Debtor in Possession refers to businesses in Chapter 11 bankruptcy in the US. The debtor holds assets and aims to restructure debt to become solvent. Creditors may repossess assets, but with court decisions, the debtor can argue to keep them. Chapter 11 filers are called possession debtors and remain in control of assets until a final bankruptcy judgment occurs. Personal bankruptcies also involve a debtor in possession, allowing the person to keep loans while other debts are forgiven.
Debtor in Possession refers to individuals or more specifically businesses that are in Chapter 11 bankruptcy in the United States. The term may be used slightly differently from state to state because states often determine specific bankruptcy laws. In more specific terms, the debtor in possession is a company that continues to hold assets on which it can be a debtor, especially in the period preceding the completion of the financial reorganization of the company. Subsequently, the retention of possession of certain things may rest with the courts or with individual agreements concluded with lenders.
Especially when Chapter 11 is filed, there is hope that a company will be able to restructure its debt so that it can become solvent again.
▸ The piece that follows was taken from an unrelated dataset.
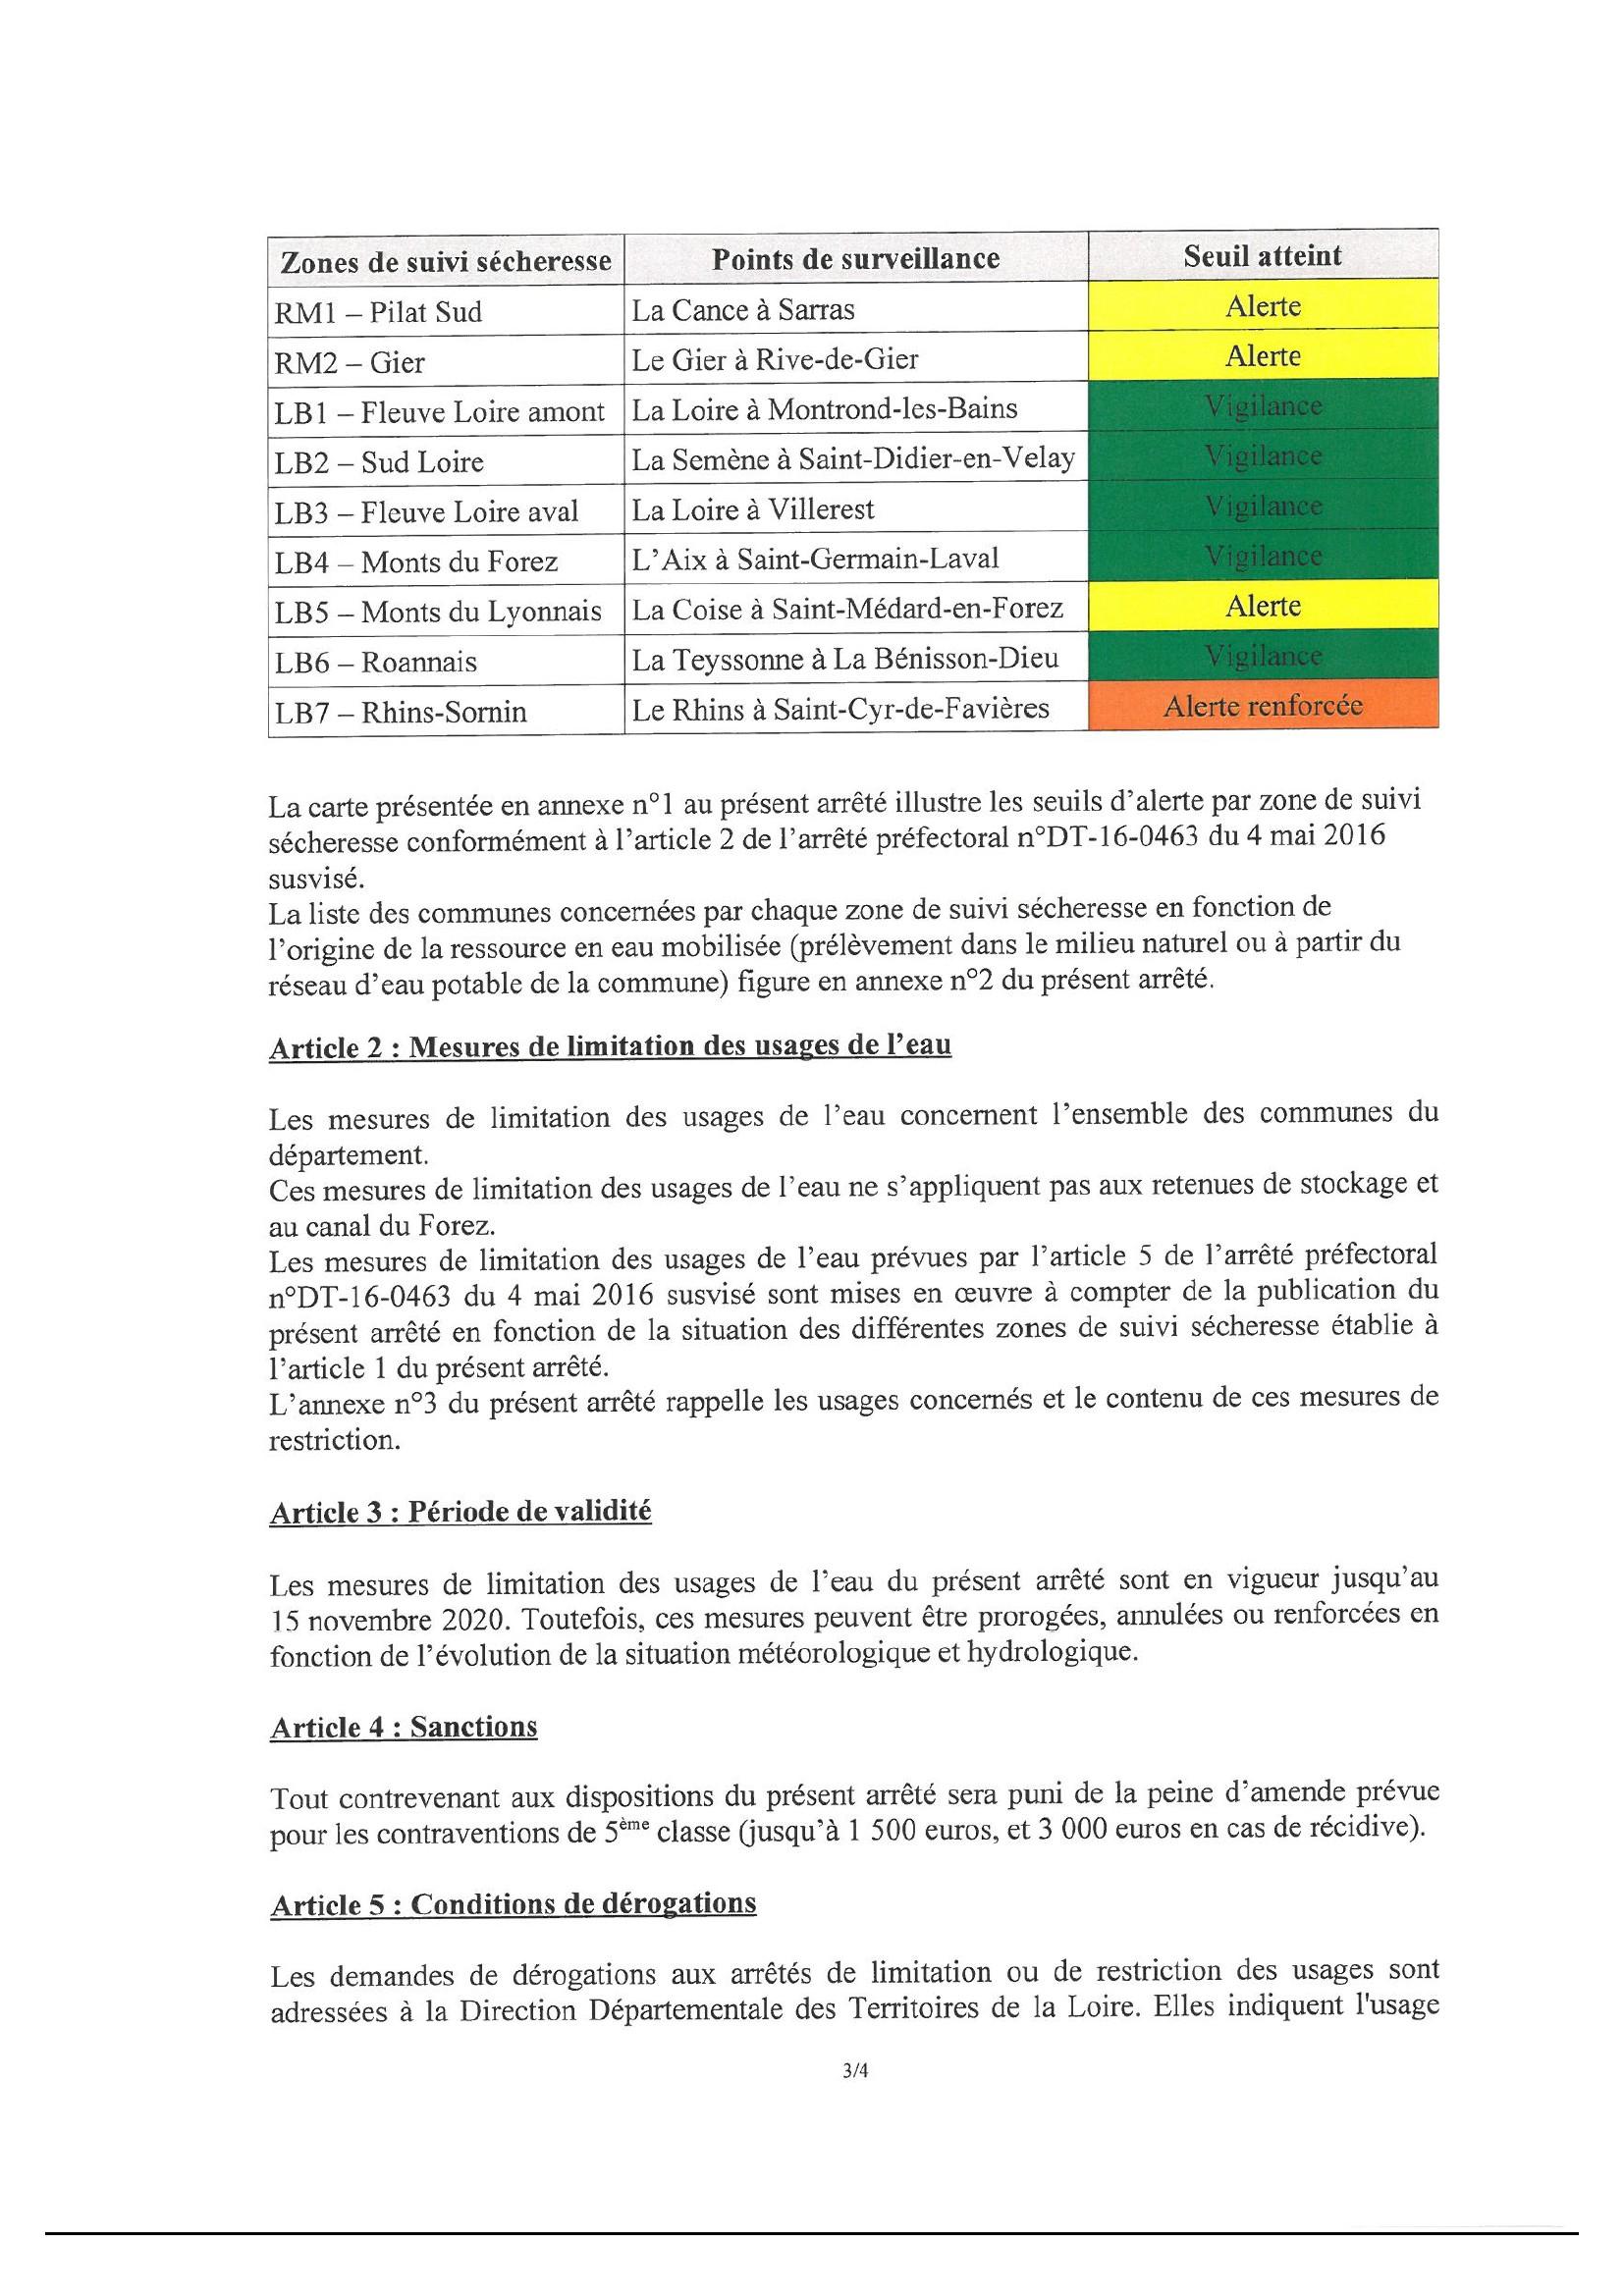 arrêté préfectoral sécheresse - 3

Some things could make this very difficult such as losing the equipment the business needs to manufacture the products, losing transportation to deliver the products, or not owning other vital things that keep the business running. The obstacle here is that the creditors who have lent money to pay for these things want to be paid and if they insist on this, the debtor will not be in possession for long.
With the help of an attorney and with court decisions, the obligee in possession may be able to argue that certain things must be kept, and as long as the filing continues, creditors usually are unable to repossess. Nothing. Once a case has been finalized and restructured, there are a number of ways a holding debtor may be able to satisfy certain creditors. One of these would be to pay a small amount for the things you own. For example, the debtor could satisfy the creditor by paying the market value of any item. Another option may be to change the payments to a smaller amount and change the terms of this credit agreement.
Chapter 11 filers are also called possession debtors because this dictates how the courts handle the initial filing. Sometimes, when companies file for certain types of bankruptcy, all of the company’s assets are taken over and managed by a court-appointed trustee. With Chapter 11, this usually does not occur, and the possessing debtor remains in control of the assets until a final bankruptcy judgment occurs.
While the term isn’t technically used to refer to most Chapter 7 or 13 personal bankruptcies, many of these also involve a debtor in possession. A person who has a home or auto loan and files for bankruptcy is sometimes able to keep these loans while other debts are forgiven. The person then remains in possession of something technically owned by a creditor. Excusing or rescheduling debts can make it more possible for the debtor to pay the loan or car payments on time in the future.